A guide to parallel deep learning with Colossal-AI

Colossal-AI is such a powerful system that can perform complicated distributed training and give an easy way to set up different types of parallelism.

Colossal-AI is a large-scale deep learning model designed to train data parallelly. It combines different standards of parallelization techniques such as pipeline parallelism, data parallelism, tensor parallelism, sequence parallelism. It allows developers to create models for parallel computing as they create models for normal computing. With the help of this tool, developers can concentrate more on deep learning model development and stress-free from the distributed training. In this article, we will understand the concepts of distributed and parallel learning and how these can be achieved in deep learning. The major points to be covered in this article are listed below. 

Table of contents

  1. What is Distributed Training and Parallelism?
  2. Introduction to Colossal-AI
  3. The motive behind Colossal-AI creation
  4. Working of Colossal-AI

What is Distributed System and Parallelism?

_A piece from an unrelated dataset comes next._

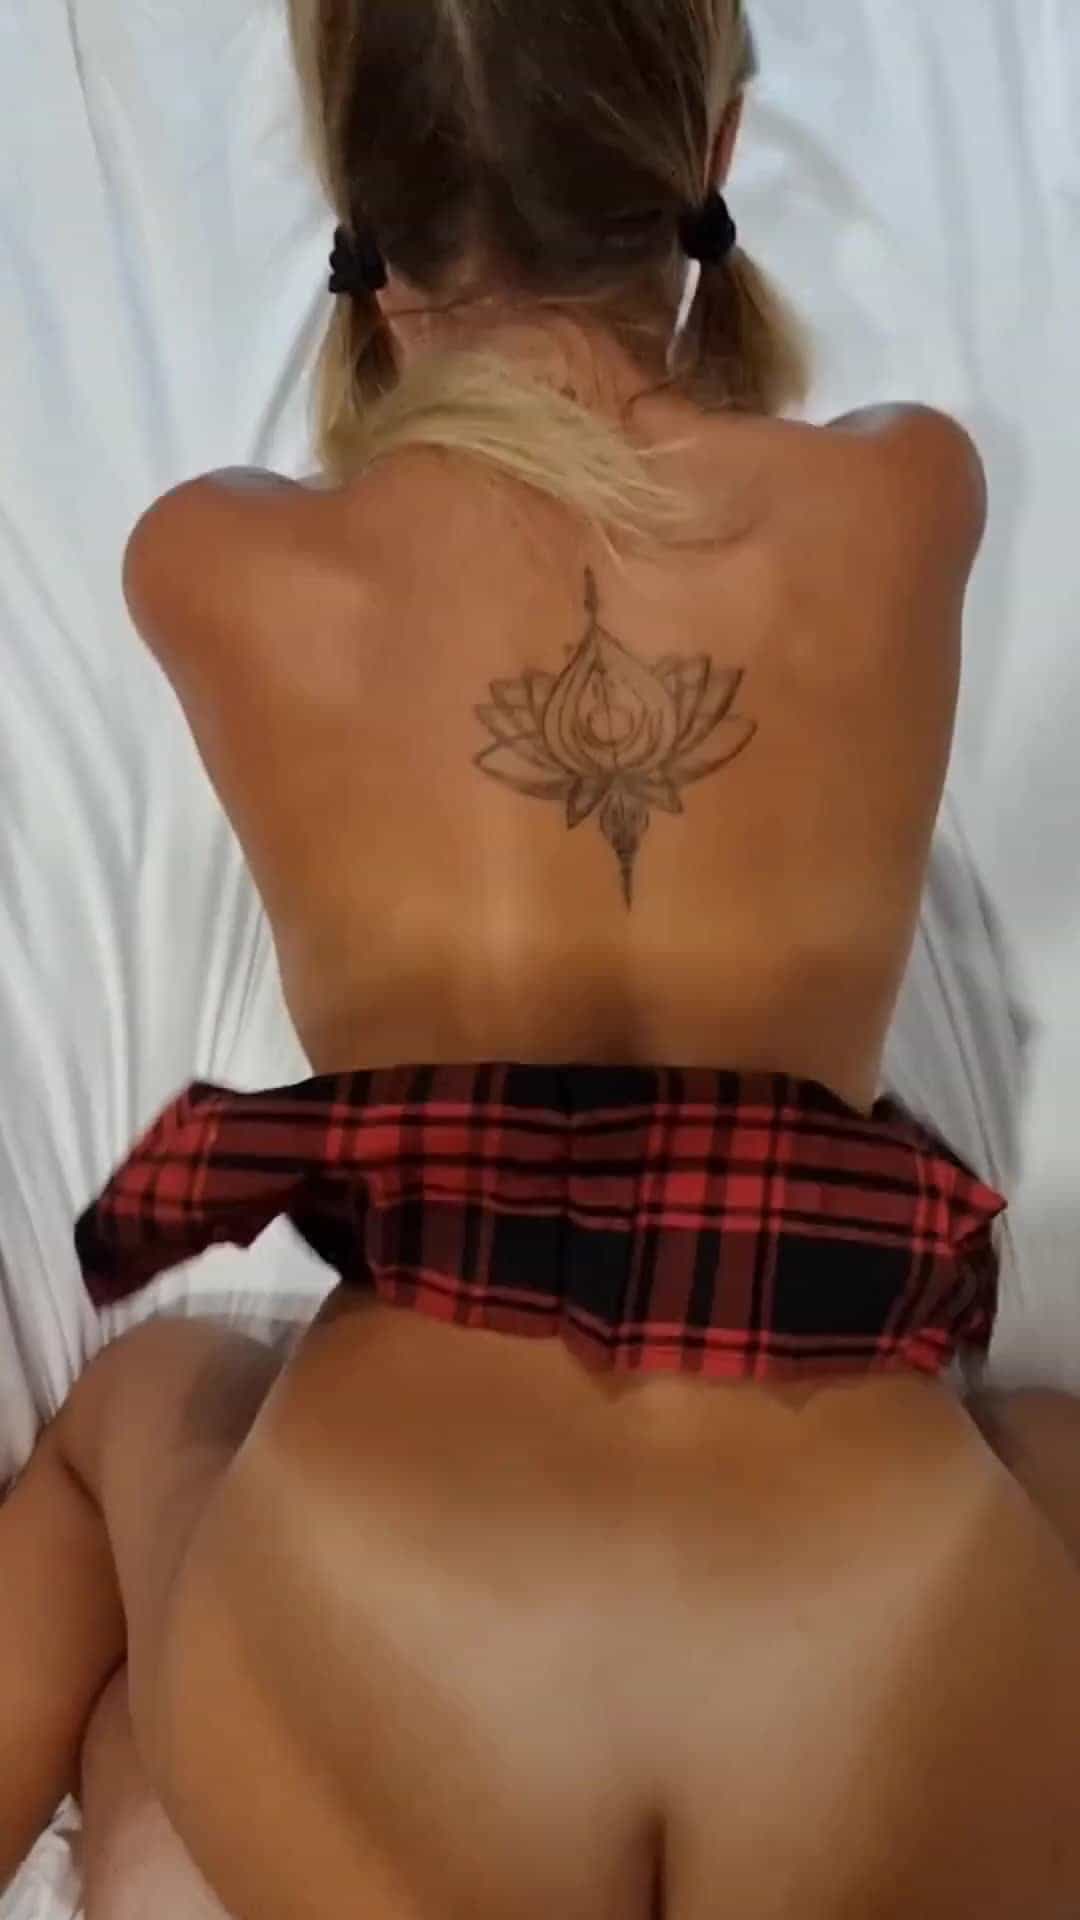 wonder if youd find my tanlines hot if you were fucking me doggy?

A distributed system made up of multiple software components which can be run on multiple hardware machines is done to achieve high performance and low latency rate. A single machine cannot achieve what a distributed system can achieve. Scalability is a metric that evaluates the performance of a distributed system. For example, if we run a model on 4 machines, we expect that the model should run 4X faster than the single system. However, there are challenges to achieving linear speedup such as writing an Algorithm for good design, different types of hardware that leads to latency. See the figure below for Distributed systems, different software connected with different hardware.


Parallelism means running processes simultaneously. In machine learning, there are different paradigms of parallelism, such as data parallelism, model parallelism, Tensor parallelism, pipeline parallelism.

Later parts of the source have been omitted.